Between two square numbers there is one mean proportional number, and the square has to the square the duplicate ratio of that which the side has to the side.

Let *A* and *B* be square numbers, and let *C* be the side of *A,* and *D* of *B.*

I say that between *A* and *B* there is one mean proportional number, and *A* has to *B* the ratio duplicate of that which *C* has to *D.*

Multiply *C* by *D* to make *E.*

Now, since *A* is a square and *C* is its side, therefore *C* multiplied by itself makes *A.* For the same reason also, *D* multiplied by itself makes *B.*

Since, then, *C* multiplied by the numbers *C* and *D* makes *A* and *E* respectively, therefore *C* is to *D* as *A* is to *E.*

For the same reason also *C* is to *D* as *E* is to *B.* Therefore *A* is to *E* as *E* is to *B.* Therefore between *A* and *B* there is one mean proportional number.

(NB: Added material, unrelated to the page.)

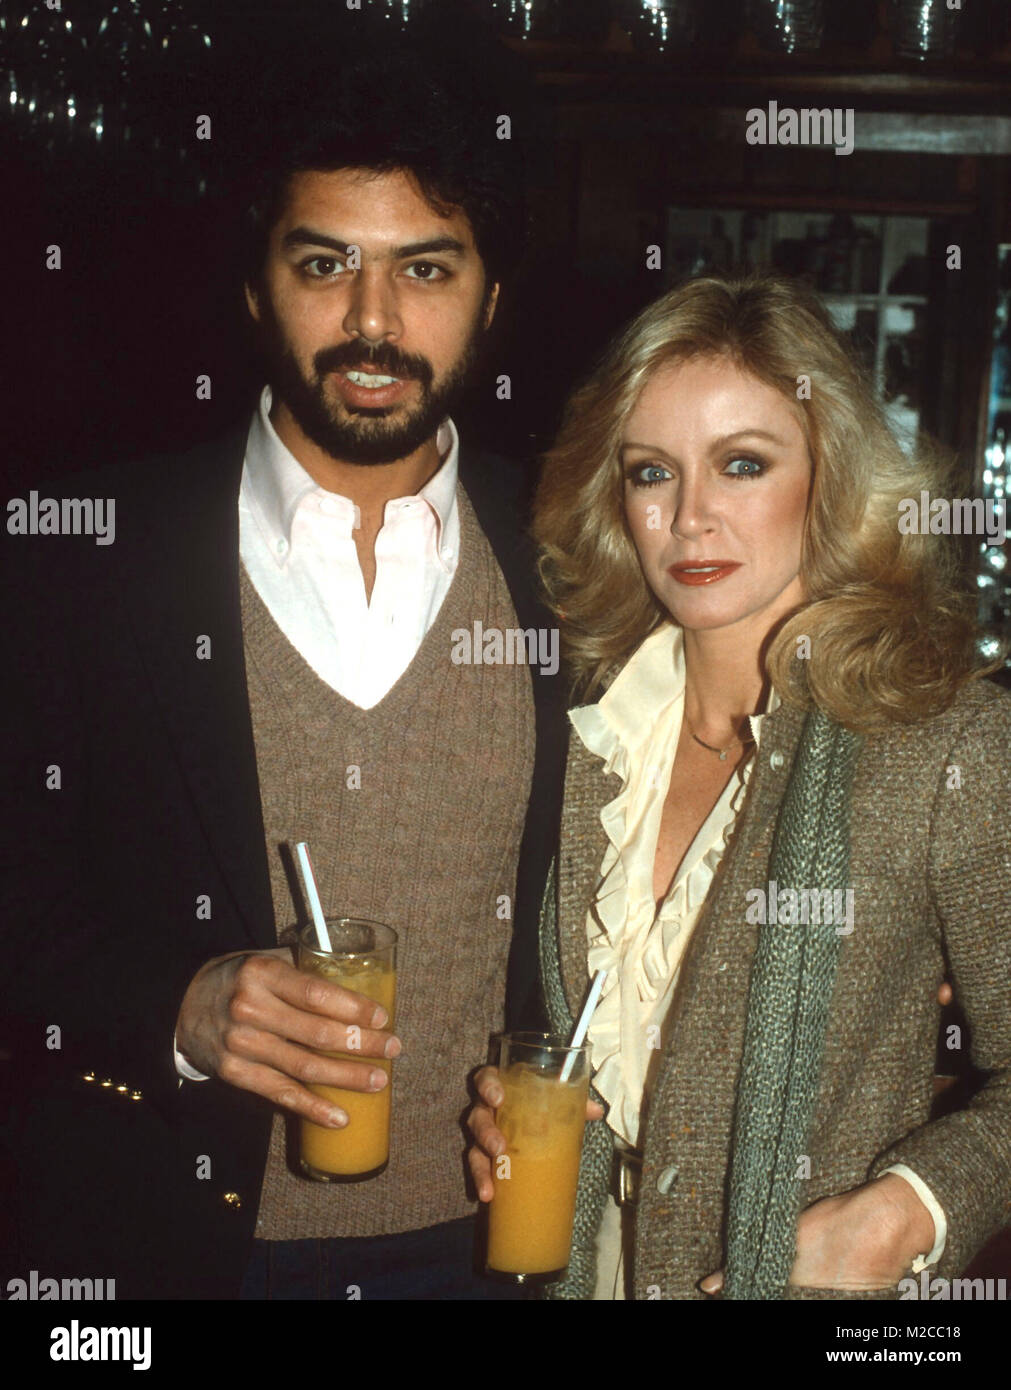 LOS ANGELES, CA - JANUARY 10: Richard Holland and actress Donna Mills attends the 'Entertainment Tonight' 100th Episode Celebration at Su Ling Restaurant on January 10, 1982 in Los Angeles, California. Photo by Barry King/Alamy Stock  Photo Stock Photo
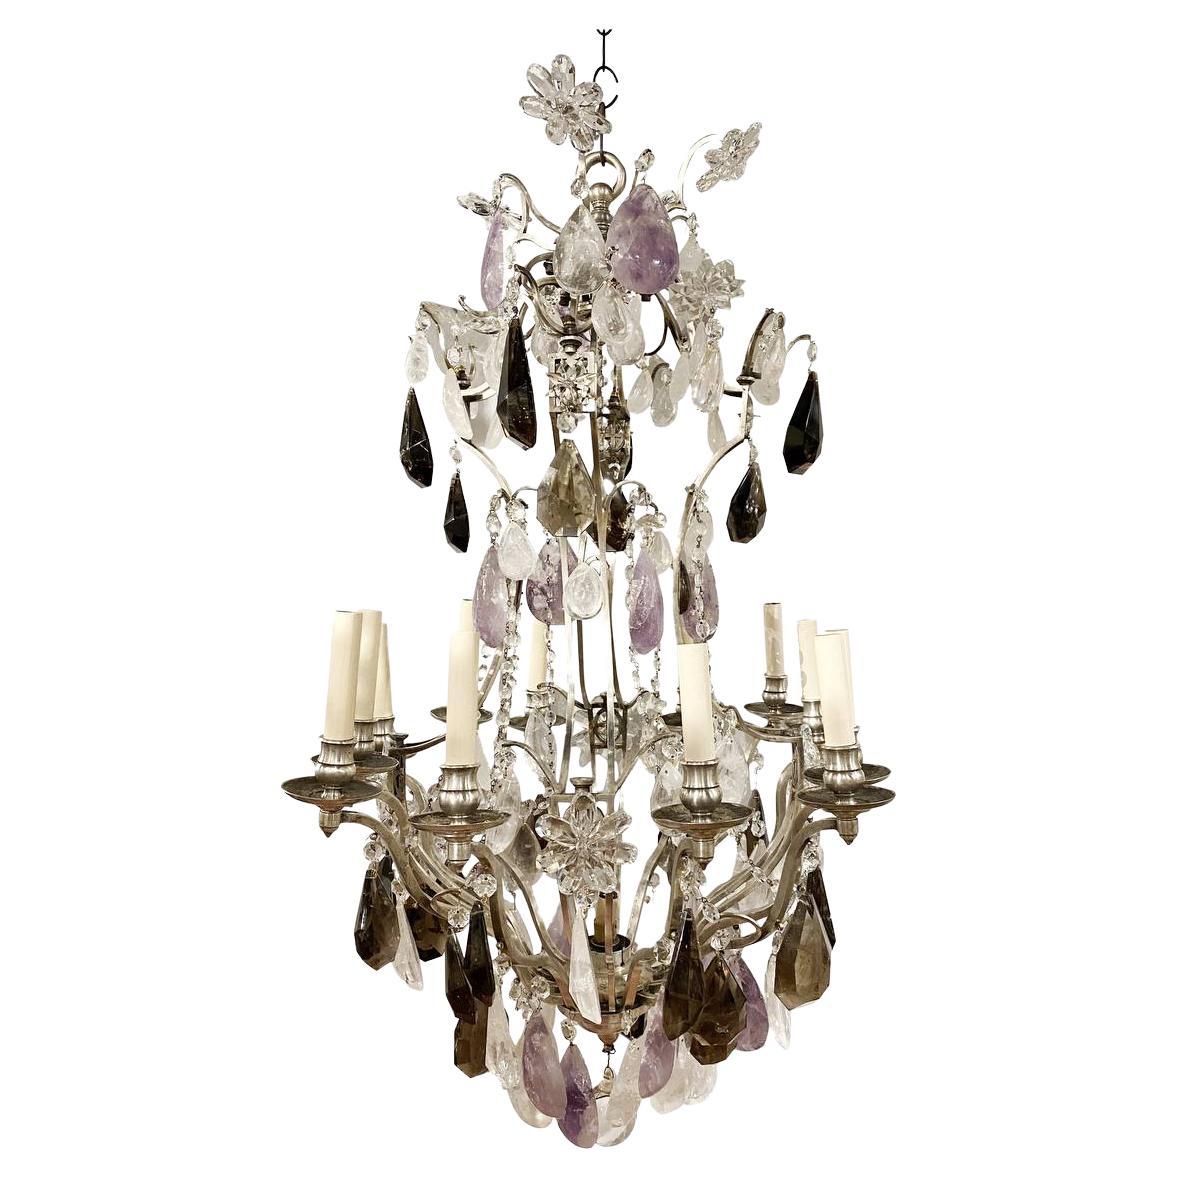 1900's French Silver Plated Chandelier with Rock and Amethyst Crystals For Sale

I say next that *A* also has to *B* the ratio duplicate of that which *C* has to *D.*

Since *A, E,* and *B* are three numbers in proportion, therefore *A* has to *B* the ratio duplicate of that which *A* has to *E.*

But *A* is to *E* as *C* is to *D,* therefore *A* has to *B* the ratio duplicate of that which the side *C* has to *D.*

Therefore, *between two square numbers there is one mean proportional number, and the square has to the square the duplicate ratio of that which the side has to the side.*

Q.E.D.